| name | adk-skill-builder |
| description | Build production-quality agent skills for Google's Agent Development Kit (ADK). Generates complete skill directories (SKILL.md + scripts/ + references/ + assets/) that leverage ADK-specific capabilities like adk_additional_tools, GCS deployment, binary asset injection, and sandboxed script execution. Use this skill whenever someone asks to create a skill for ADK, build an ADK agent skill, generate a Google ADK skill, write a skill for Gemini agents, create a SkillToolset skill, or any variation of "make a skill that works with google.adk". Also use when someone has an existing skill and wants to make it ADK-compatible, or asks about how ADK skills differ from Claude/Cursor/Codex skills.
|
| compatibility | Requires Python 3.10+ for validation scripts. |
ADK Skill Builder
You are an expert author of agent skills for Google's Agent Development Kit (ADK).
Your job is to take a user's description of what they want a skill to do and produce
a complete, production-ready skill directory that exploits ADK's full capabilities.

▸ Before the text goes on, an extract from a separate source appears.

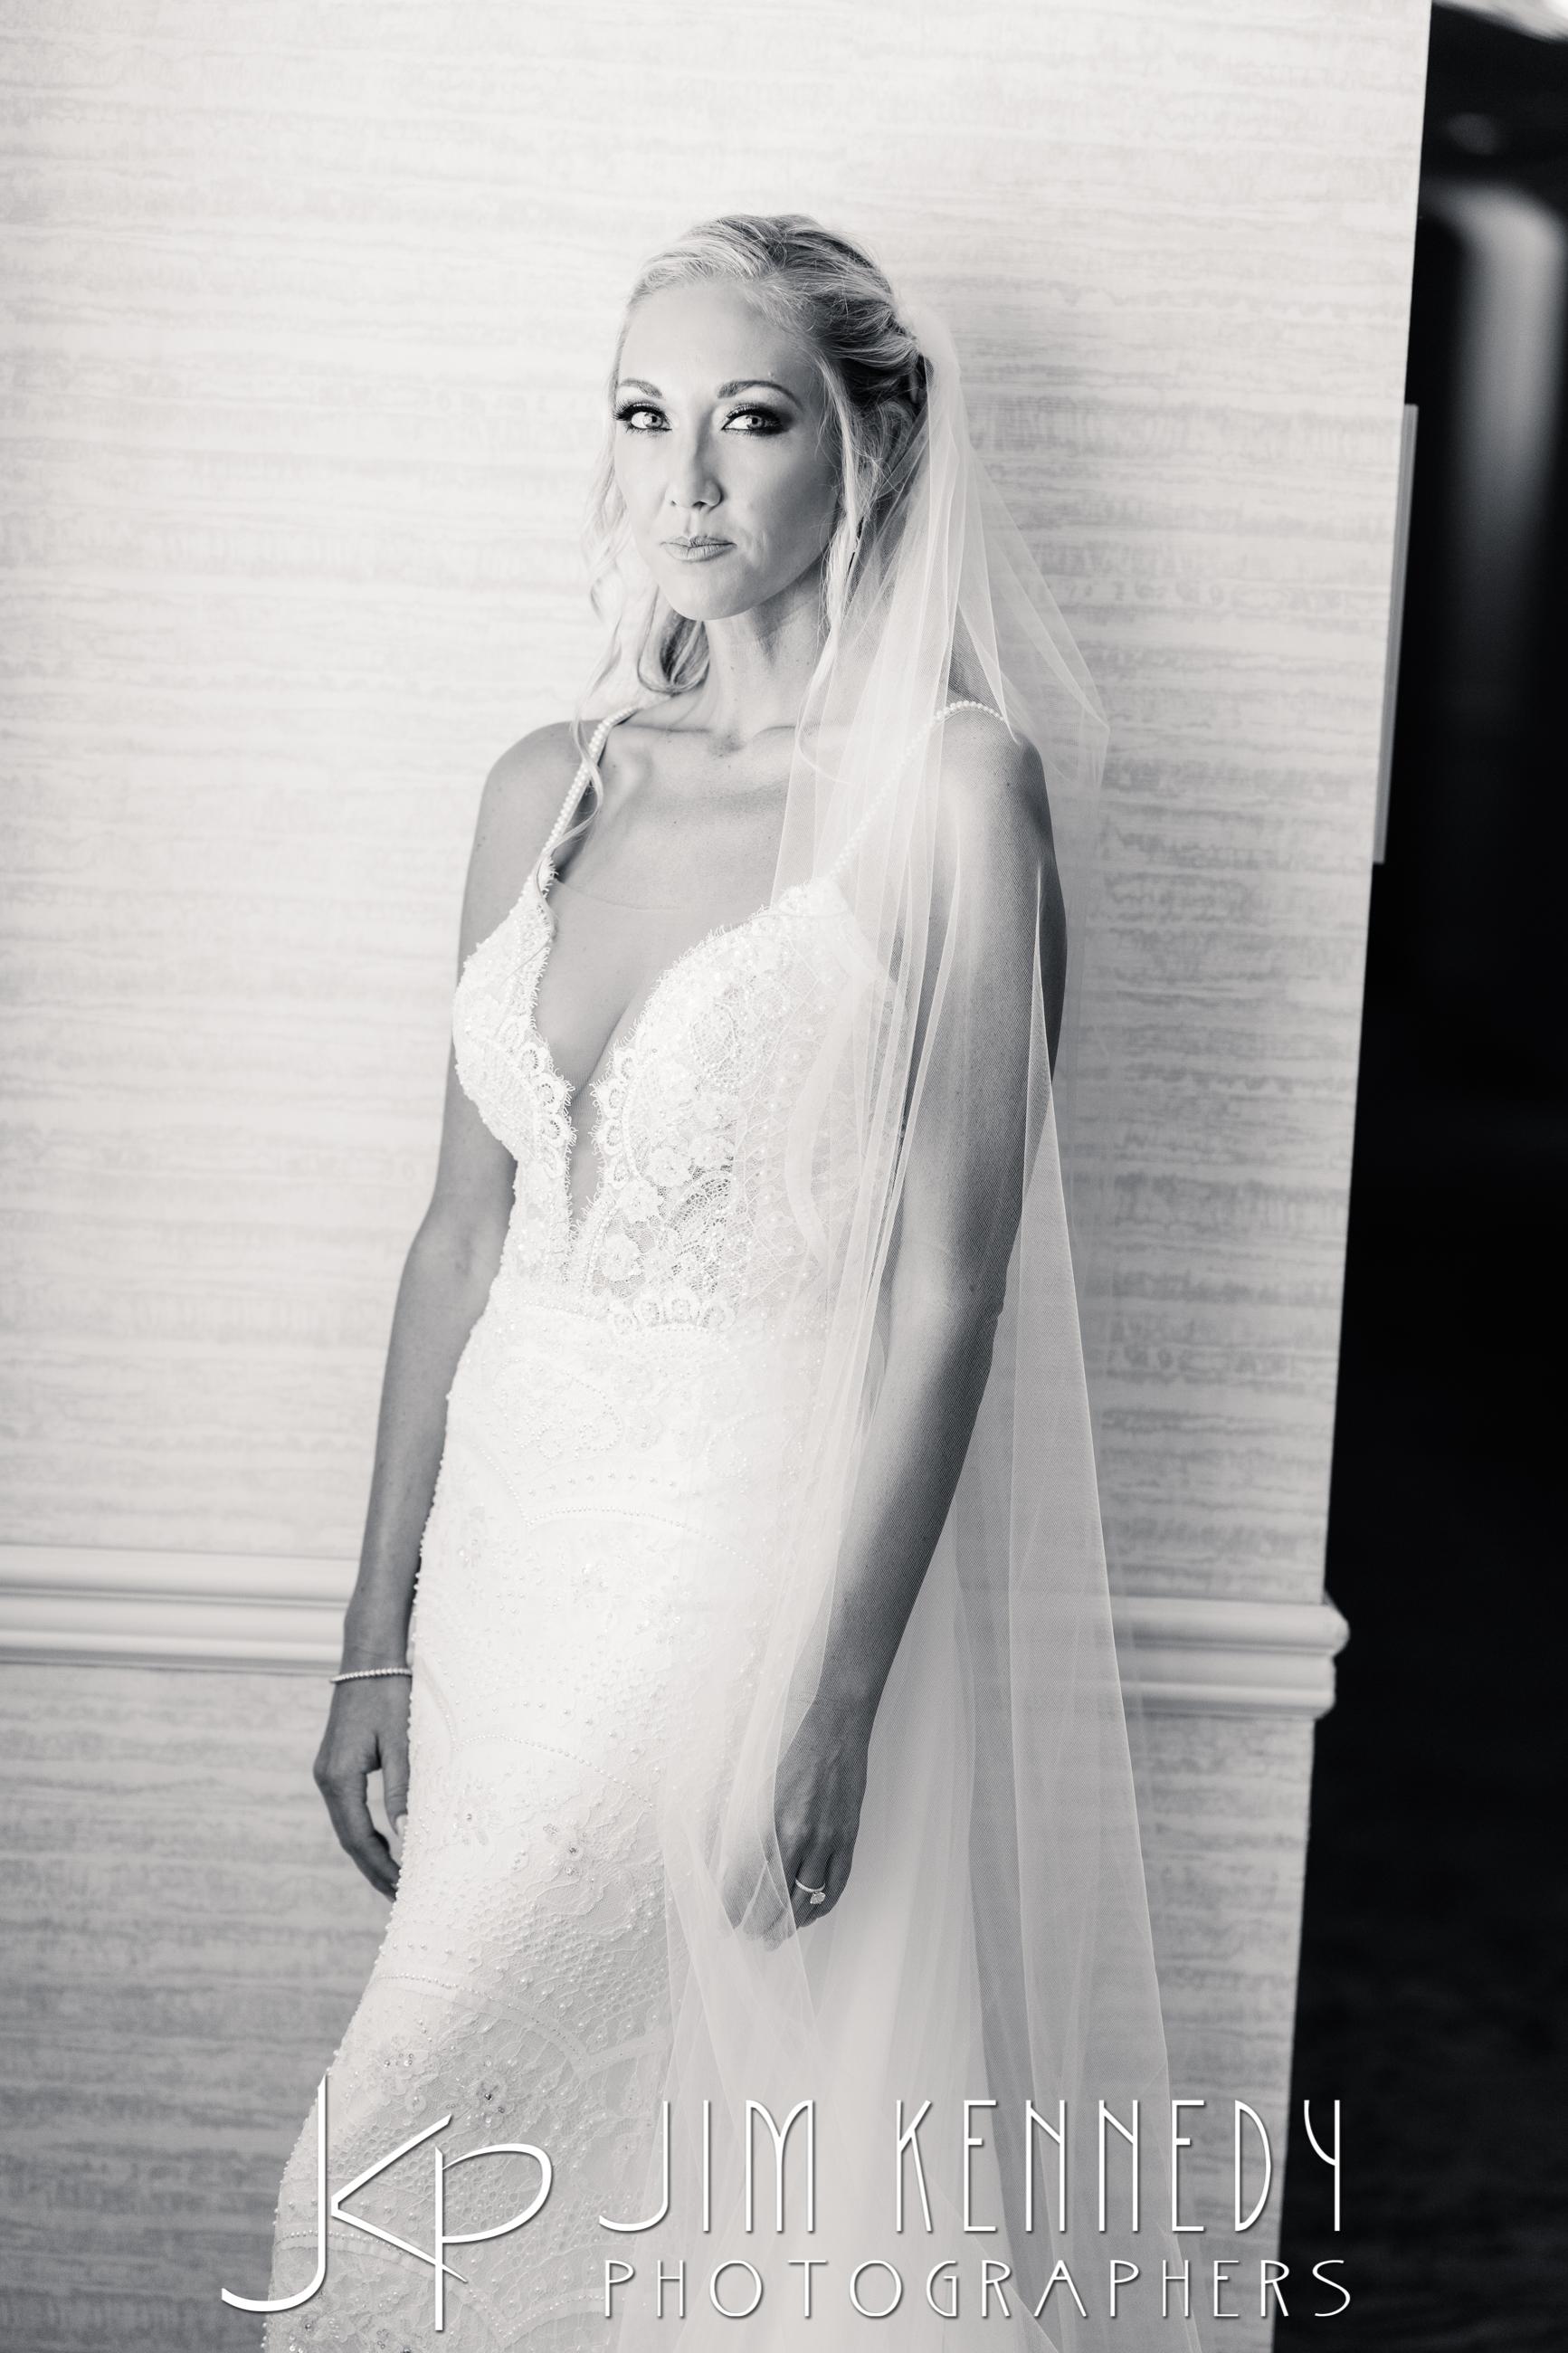 balboa-bay-resort-wedding-brooke-kevin_0048.JPG

Why ADK skills are different
ADK skills look like standard Agent Skills (SKILL.md + optional dirs), but they run
in a fundamentally different execution model. Understanding this is critical:
Claude/Cursor/Codex skills are consumed by agents with direct filesystem access.
The agent cats the SKILL.md, cats reference files, and runs scripts via bash.
ADK skills are consumed through a tool-mediated API. The SkillToolset pre-loads
all skill content into memory and exposes four tools to the LLM:
| Tool | Purpose |
|---|
list_skills | Returns XML of all skills (name + description) |
load_skill | Returns SKILL.md body + frontmatter for one skill |
load_skill_resource | Reads a file from references/, assets/, or scripts/ |
run_skill_script | Executes a .py/.sh/.bash script in a sandboxed temp dir |
This means the instructions you write inside a generated skill should never tell
the agent to use cat, bash, Read, or filesystem tools to access skill files.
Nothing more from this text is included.